Moment after college basketball moment is captured on the Internet, awing viewers by the hundreds of thousands.
Indiana's James Blackmon Jr., on the run before delivering a thunderous one-handed flush over the massive body of Louisville's Montrezl Harrell.
Maryland's Melo Trimble, charging full speed in a diagonal before stopping on a dime and sinking a three while his Michigan State defender topples over.
Ohio State's D'Angelo Russell, the newly crowned king of the spinning bounce pass, steering a teammate who was four steps away to a play that no one else could see yet.

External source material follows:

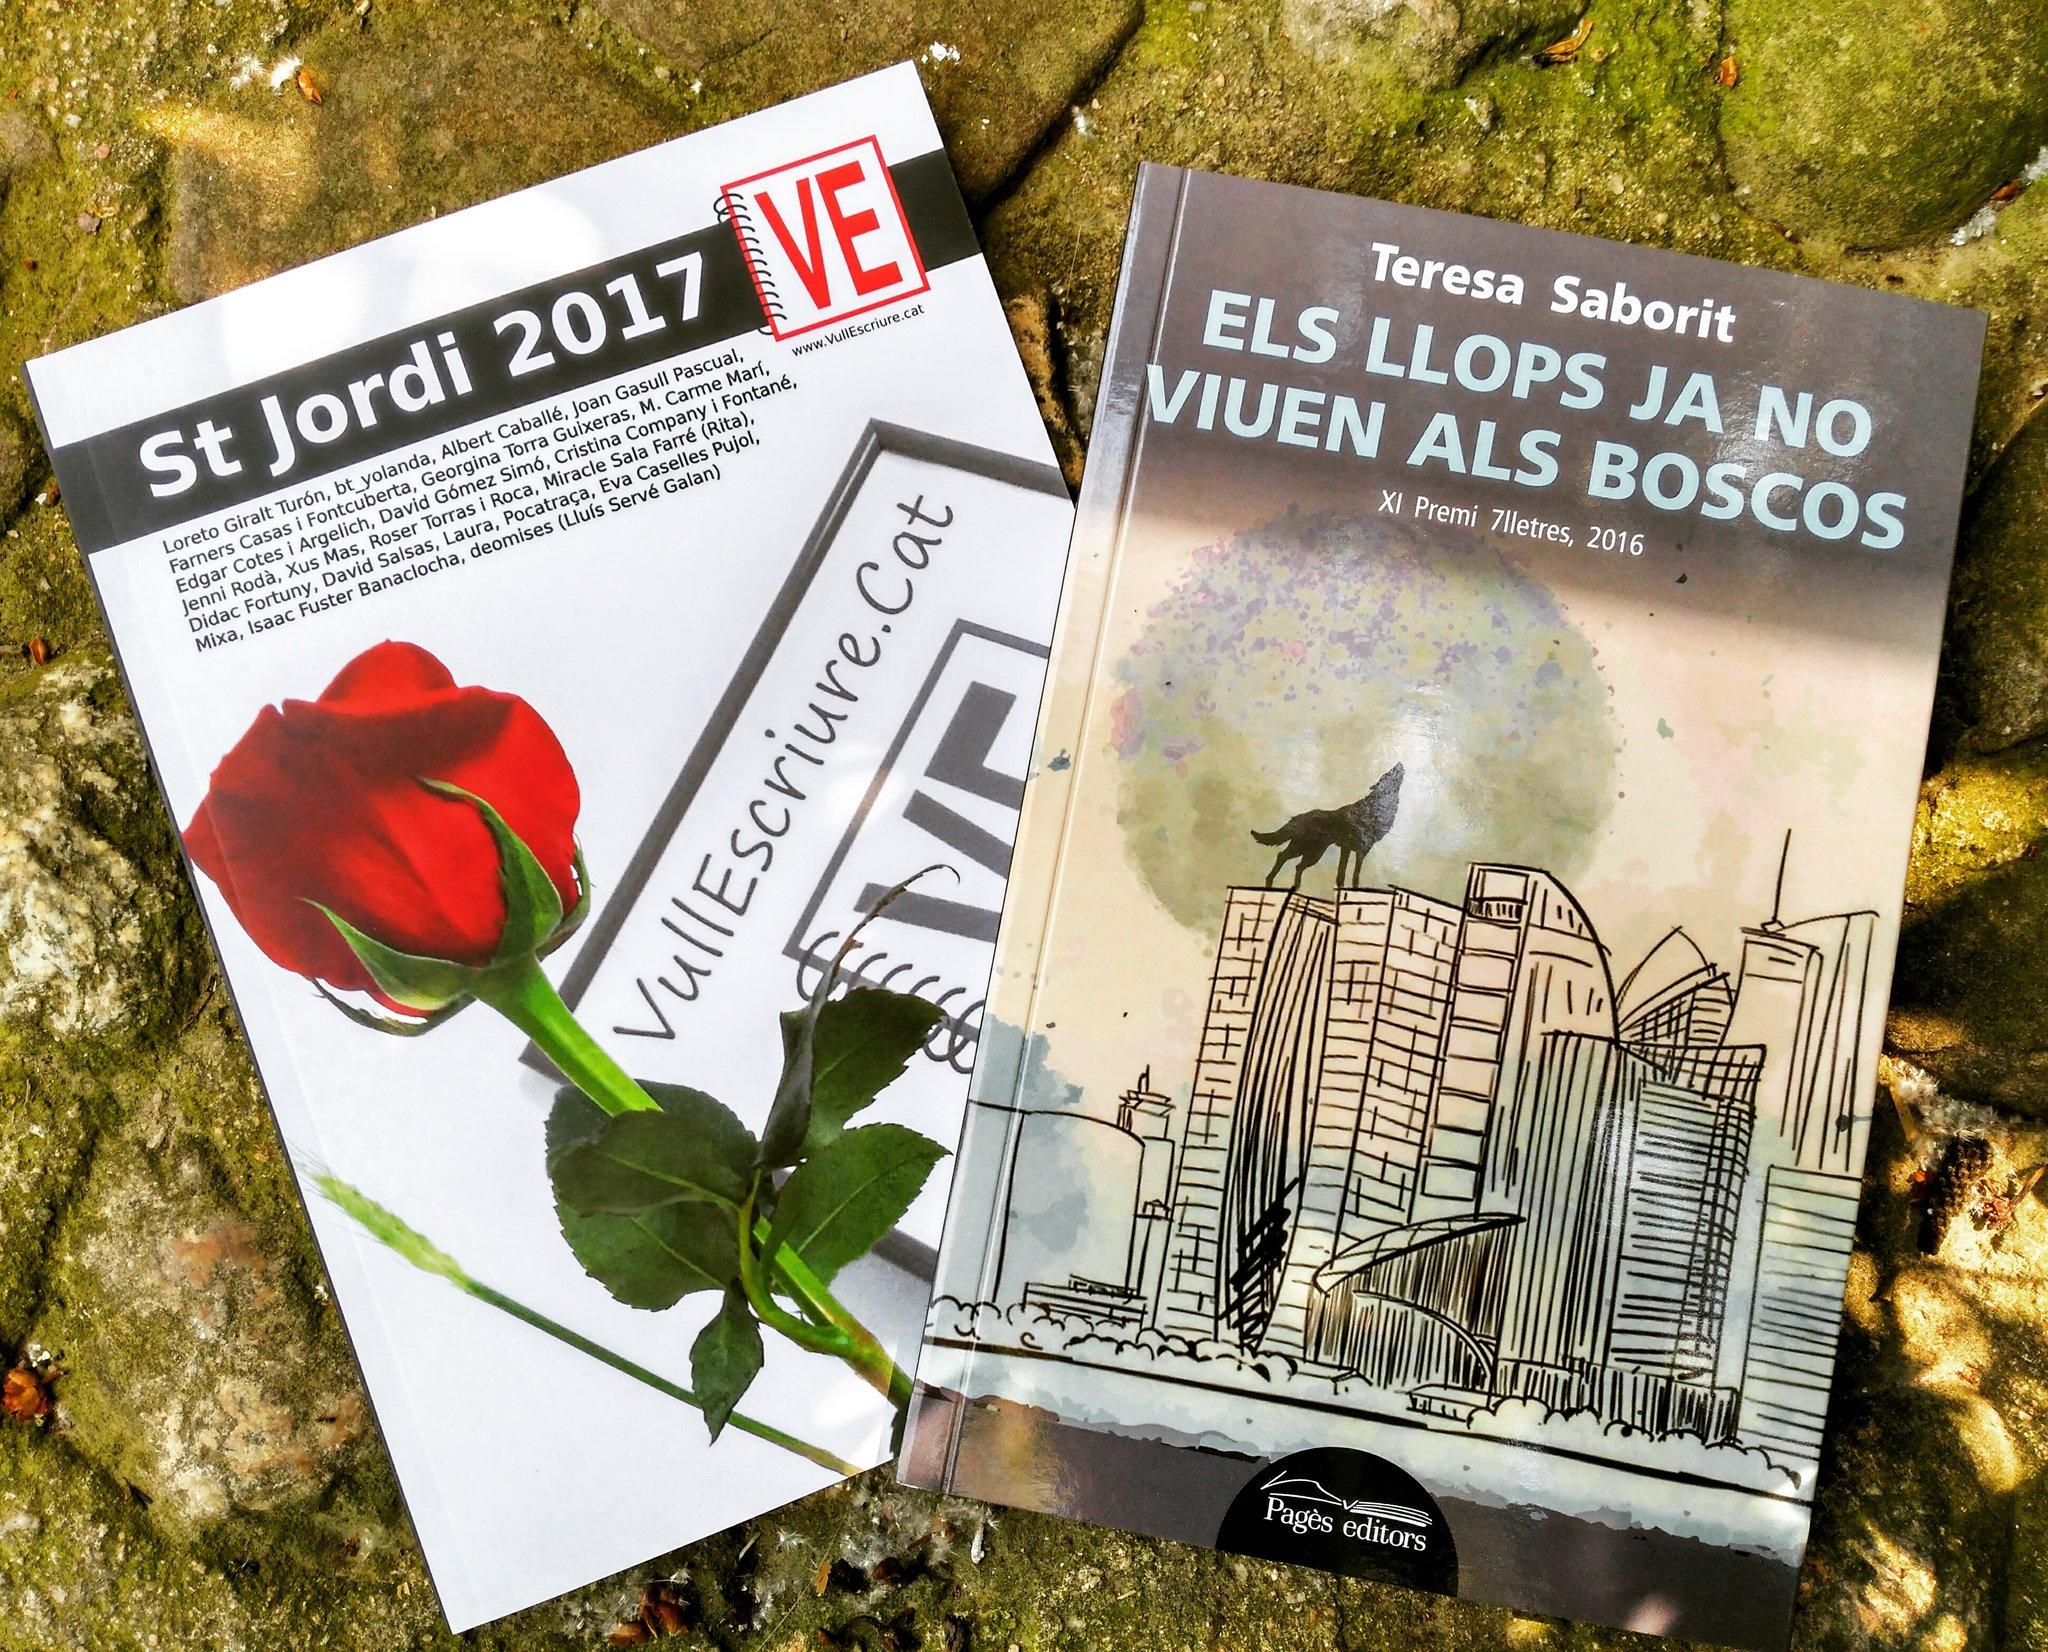 Els meus llibres de #SantJordi: #VullEscriure i #elsllopsjanoviuenalsboscos! Se us acudeix millor companyia? 😉🐉🌹📚 https://t.co/NjvjlTYeoS https://t.co/suVEnehPxL

This season, the Big Ten has contributed more of those clips to the national collective, and at first glance, that seems pretty normal. Long established as one of the nation's top conferences, the Big Ten has steadily developed elite guards and fed them into the NBA draft.
But this time around, the difference is this: So many of those celebrated guards are freshmen.
"We've sure got some good guards in this league," Michigan State coach Tom Izzo said. "You look at Indiana and of course Maryland and there's no one better than this kid D'Angelo. … Sometimes it's what you recruit, sometimes it's how you coach, sometimes it's the right system, and sometimes a guy makes enormous improvement from the end of his senior year [in high school] to the beginning of his freshman year."
Among the nation's top seven freshman guards, Kentucky, Kansas, Duke (Apple Valley's Tyus Jones) and UNLV (former Cooper star Rashad Vaughn) all have one apiece, spread across four different conferences, according to NBAdraft.net. The other three belong to the Big Ten, where Russell, Trimble and Blackmon Jr. each guided their teams to NCAA tournament berths and could continue to wow national audiences in opening-round games in the next two days.